Florida is relatively affordable in the range of costs compared with nationwide averages, though by no means the cheapest state (and slightly above average in nursing home rates). As in most states, these costs also vary fairly significantly by area, with larger metropolitan areas like Miami tending to have higher costs. Additionally, there is wide variation from lowest to highest cost and all types of options for receiving care (from large rooms at “luxury” assisted living facilities to smaller “Mom and Pop” ALFs with options like shared rooms).
Here are some important considerations about long term care costs and Florida eldercare as you look beyond these averages:
  • Assisted living rates are given as base rates. ALF contracts and billing vary widely, with some using a “level of care” model in which they determine the additional cost based on an assessment that places you within a certain level based on your needs or a la carte pricing for specific care services. Some use a more all-inclusive pricing model or may even use a combination of approaches.
  • Often care is closely tied in to other living expenses and comparing costs requires looking at a more comprehensive budget. For example, a person receiving care at home has normal housing and living expenses such as utilities, groceries, mortgage/rent and maintenance. In a nursing home, residents will generally not incur any of those costs unless they continue to maintain their original home. In an assisted living facility, a number of those items are rolled in to the rate, though there may be additional costs (such as paying for phone or cable or buying personal groceries or restaurant meals).

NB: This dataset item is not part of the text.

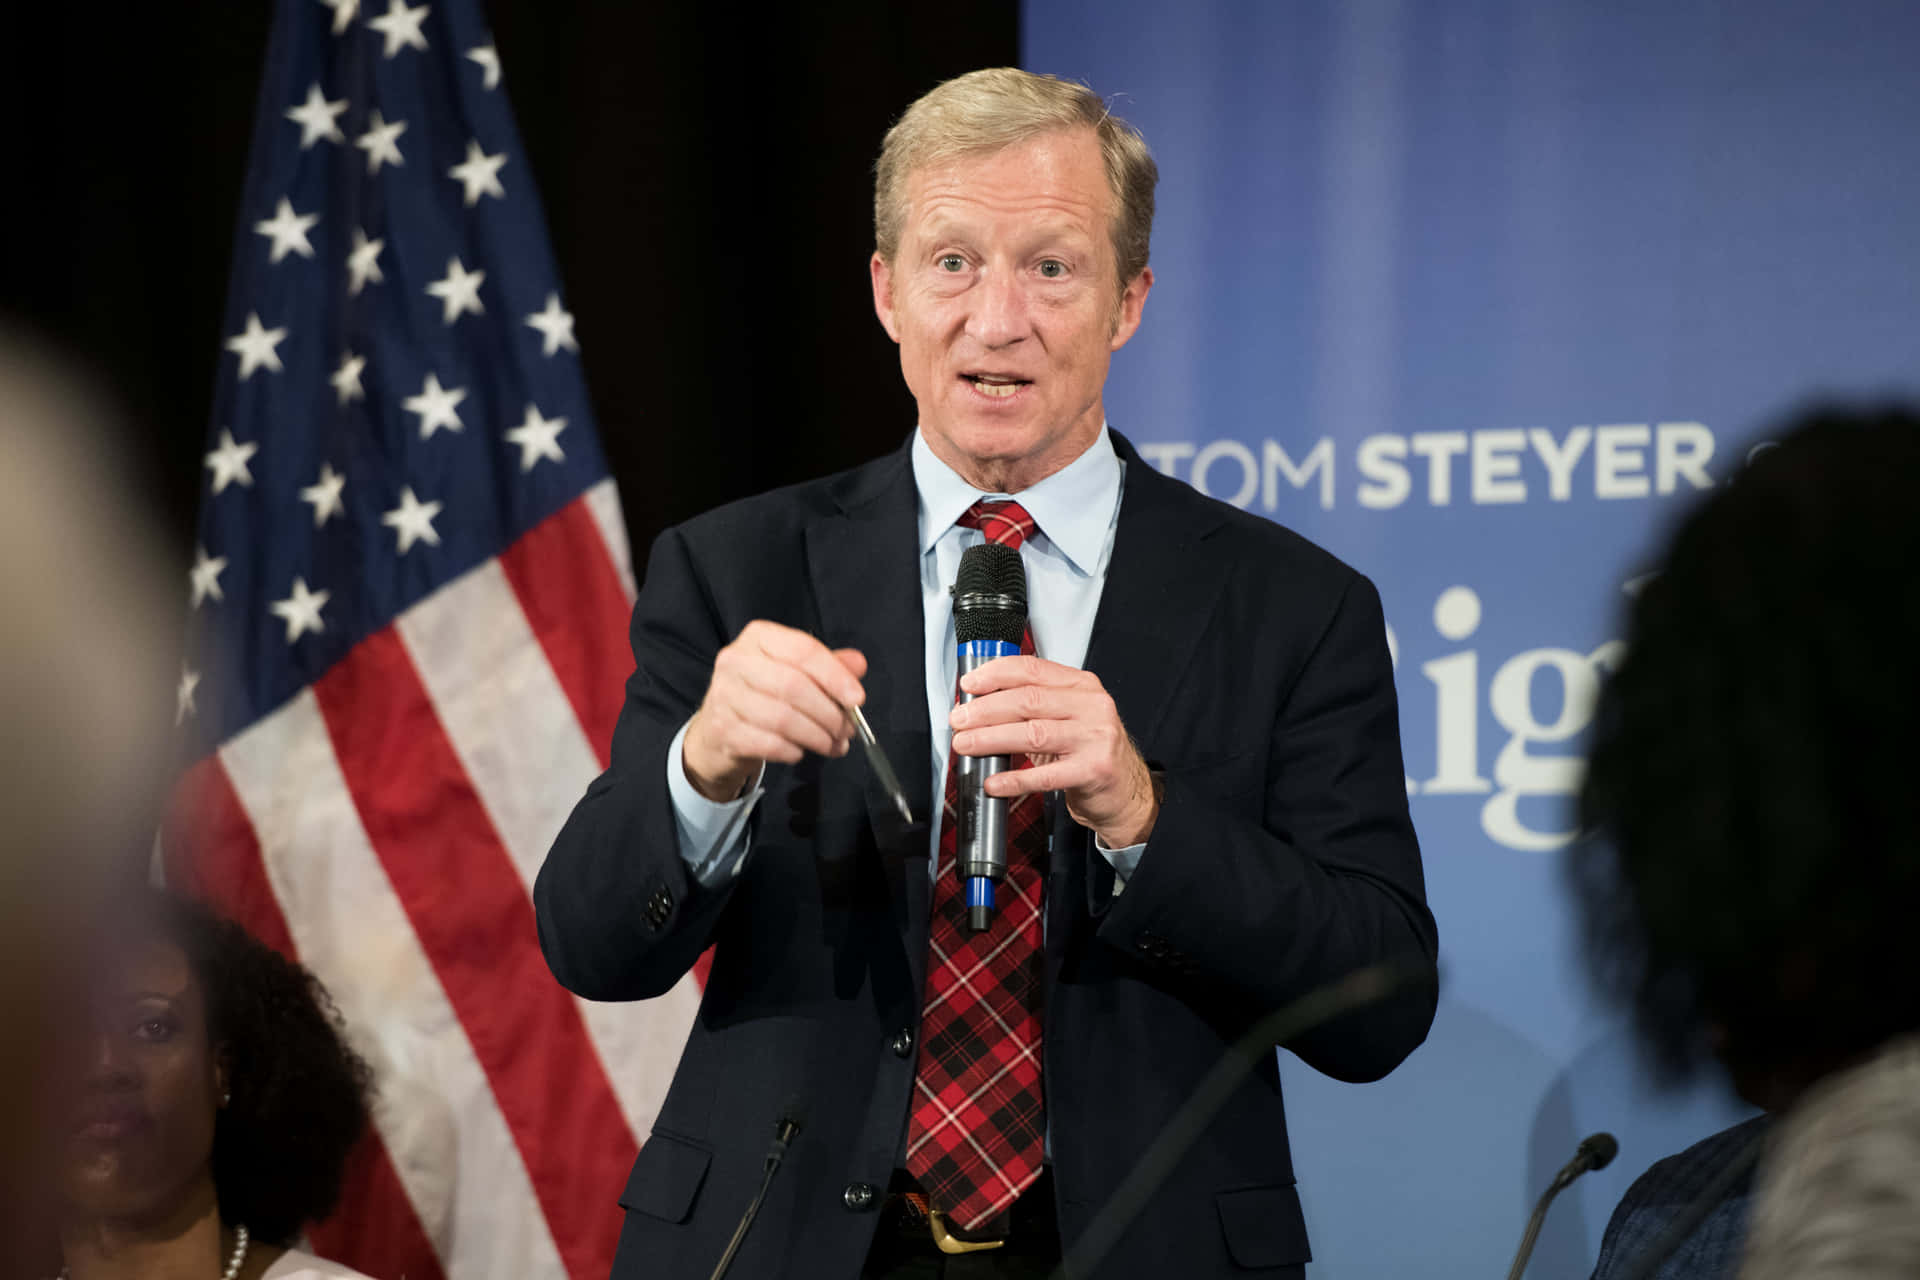 Tom Steyer Holding A Microphone Wallpaper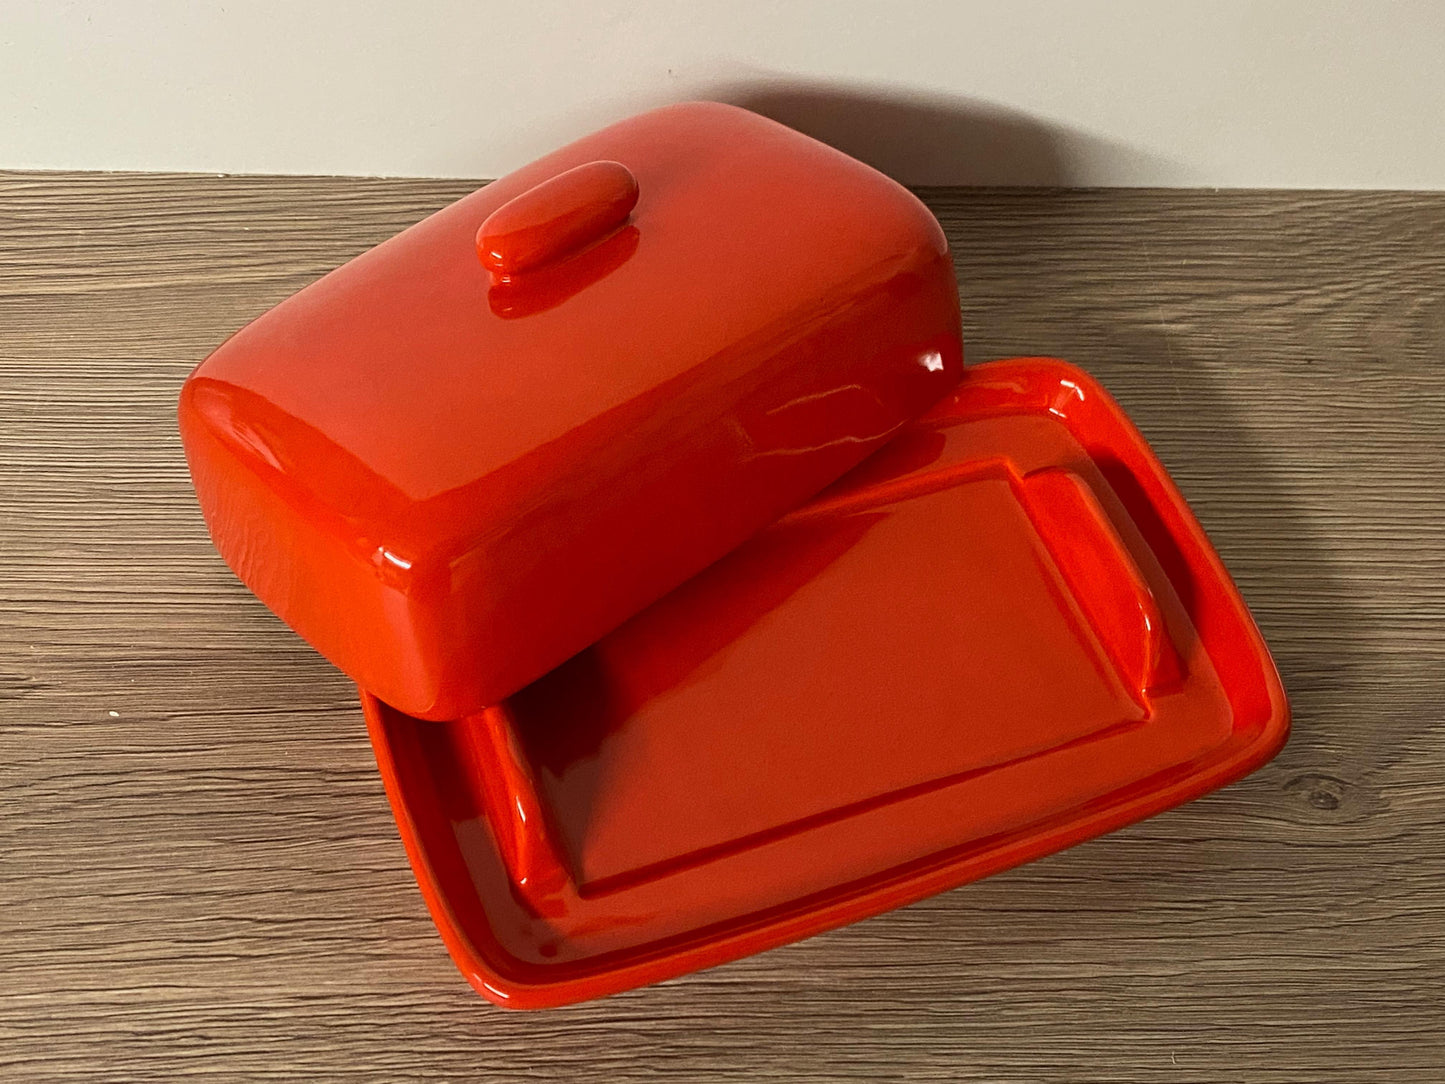 Red Butter Dish

  • Related to the budgeting information above, long term care insurance will generally only pick up the costs of care. However, living expenses aren’t necessarily separated out in facility-based care (in other words, if you receive care at home, your LTC insurance will not cover utilities and home costs but a daily rate in a facility is more likely to include all of those costs).
  • What other expenses should you consider in overall costs? Do not forget, for example: medical costs/insurance, medications, travel expenses, quality of life items (newspaper subscriptions, snacks, getting your hair done, personal training services, extra companion/help), transportation costs.
  • Account for inflation. These are good estimates of today’s costs and you should expect prices to rise along with other living expenses.

A geriatric care manager can help you with understanding your potential long-term care costs, the options for eldercare and creating a projected budget. If you are a professional advisor, it may be worthwhile working in partnership with a care manager to help better prepare and advise your clients. A care manager can give you real insight about true costs so that you can really be as prepared as possible.

At the time of need, a care manager will help you access the care you need (and get the best care possible), assist with advocacy and claims, help you prepare a care plan for your budget and help you with eligibility for benefits programs. A care manager can also help you understand contracts and payment options, as well as negotiate and determine the appropriate level of care.